Carmen P. Thompson is a historian and author of The Making of American Whiteness: The Formation of Race in Seventeenth- Century Virginia. She earned her PhD in U.S. History from the University of Illinois, Urbana-Champaign and her Masters of Arts in African American Studies from Columbia University in New York. 


Dr. Thompson is a highly sought expert on Race and Whiteness in America. Her scholarship was quoted in the December 2022 Oregon State Supreme Court decision, Watkins, Jacob Keith v. Ackley, in support of the Court’s conclusion of disparate racial impact of non unanimous jury decisions. She wrote the introduction to the forthcoming (2023) book, Protest City: Portland’s Summer of Rage, a photo book that chronicles the yearlong protests in Portland, Oregon after the murder of George Floyd by police in 2020. And she co edited and authored articles in the peer reviewed journal, Oregon Historical Quarterly, 2019 special issue on White supremacy in Oregon.

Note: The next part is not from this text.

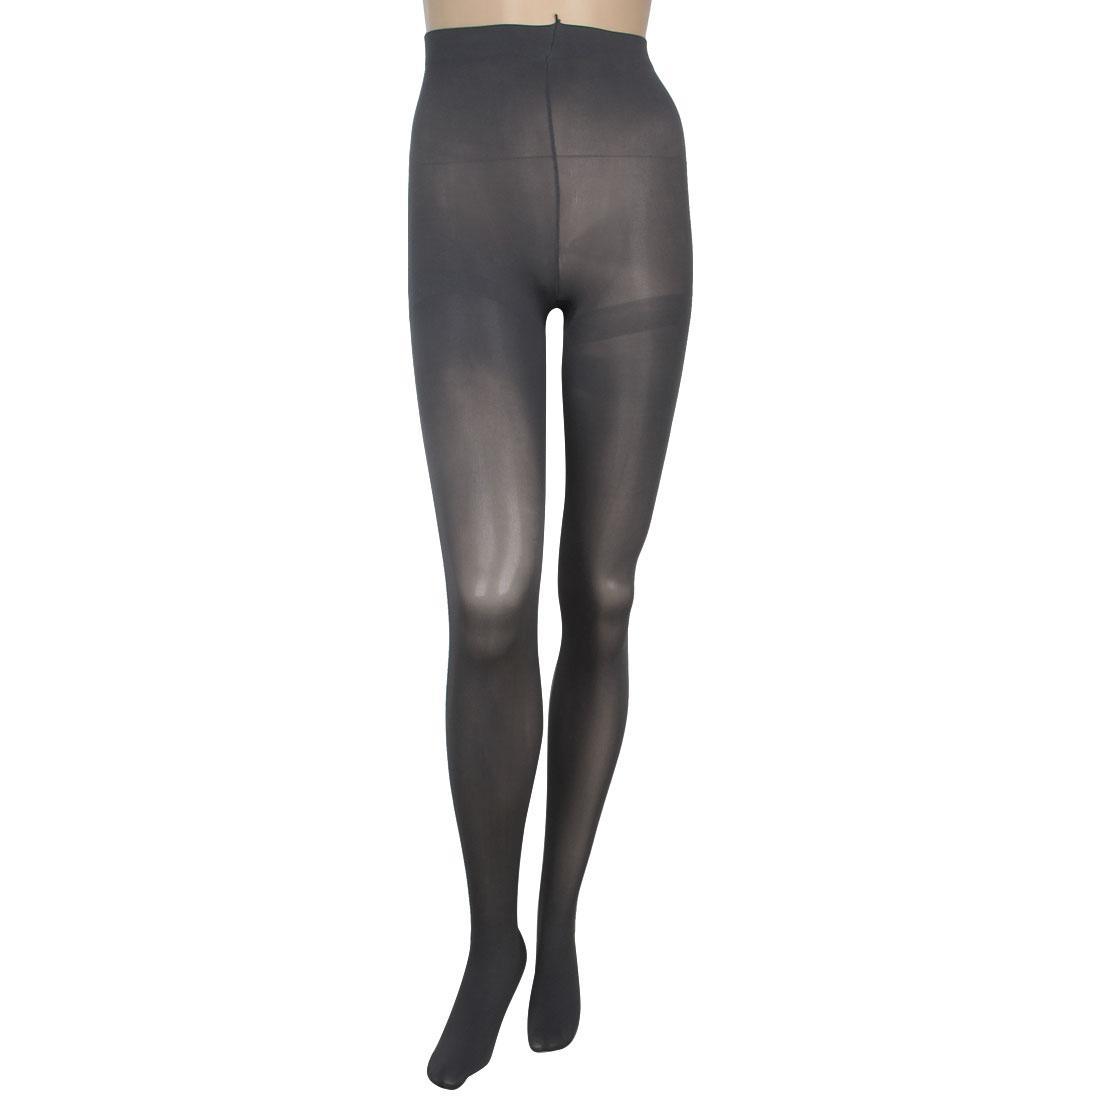 Dark Gray Thicken Formfitting Tights Leggings Pantyhose for Women XS

She has held visiting scholar appointments at the Institute for Research in African American Studies at Columbia University in New York and in the Black Studies Department at Portland State University, and has taught a wide range of courses on the Black experience and Whiteness at Portland State University and Portland Community College.

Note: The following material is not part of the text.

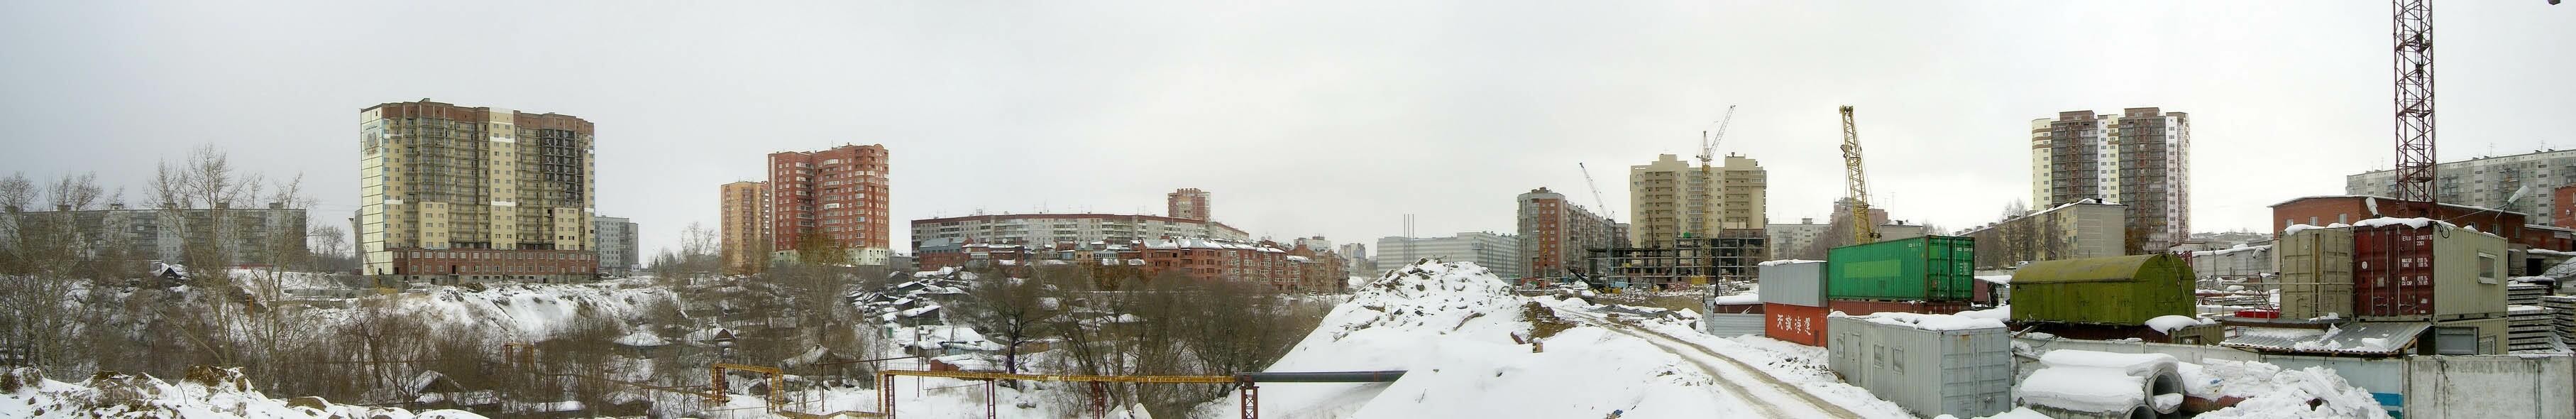 http://nskstreets.narod.ru/image11/Galuschaka_06.jpg

In honor Women’s History Month, Dr. Thompson centers the experiences of free and enslaved Black women in early America in a discussion of her newly published book, The Making of American Whiteness: The Formation of Race in Seventeenth Century Virginia, to show how gender relations with White women and White men reveal the resiliency of Black people and the contours of race during the era.


About the Book


The Making of American Whiteness: The Formation of Race in Seventeenth-Century Virginia changes the narrative about the origins of race and Whiteness in America. With an exhaustive range of archival documents, Carmen P. Thompson demonstrates not only that Whiteness predates European expansion to the Americas—as evidenced by European participation in the transatlantic slave trade since the fifteenth century—but, more importantly, that Whiteness was the principal dynamic in the settlement of Virginia, the first colony in what would become the United States of America. And just as the system of White supremacy was the principal order that fueled the transatlantic slave trade, it was likewise the framework that drove the organization of civil society in Virginia, including the organization and structure of the colony’s laws, social, political, and economic policies, and its system of governance. This book shows what Whiteness looked like in everyday life in the early seventeenth century, finding it eerily prescient to Whiteness today.

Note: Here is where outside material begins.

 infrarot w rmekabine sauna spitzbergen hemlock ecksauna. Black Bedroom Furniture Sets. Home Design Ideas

“The Making of American Whiteness provides compelling corrections to received notions regarding the origins of institutionalized White supremacy. By shedding new light on a wide array of period documents within the context of transatlantic slavery, Carmen P. Thompson shows that in early Virginia, conceptions of West African peoples as inherently worthy of enslavement went hand in hand with a collective European self-conception as not only superior but also implicitly White. With its deep dives into such disparate realms as gender relations, built environments, and the maintenance of West African modes of resistance, this book will instruct and fascinate students and scholars working on both the origins of American racial formations and their obstinately enduring manifestations.”

Tim Engles, Eastern Illinois University



“A highly original challenge to the traditional historiographical wisdom on the North American origins of racial slavery and whiteness in colonial Virginia. Thompson has put together an unequalled archive on the subject of how ‘race’ operated in the period before Bacon’s Rebellion and policy changes made racial distinctions emerge with much greater clarity and elaboration. Subtle and deeply gendered, the project also draws insight and energy from Thompson’s study of very different forms of slavery in Africa. She places Virginia in a network of slave-trading transnationally in a way that brings into useful question the idea of an ‘invention’ of race there.”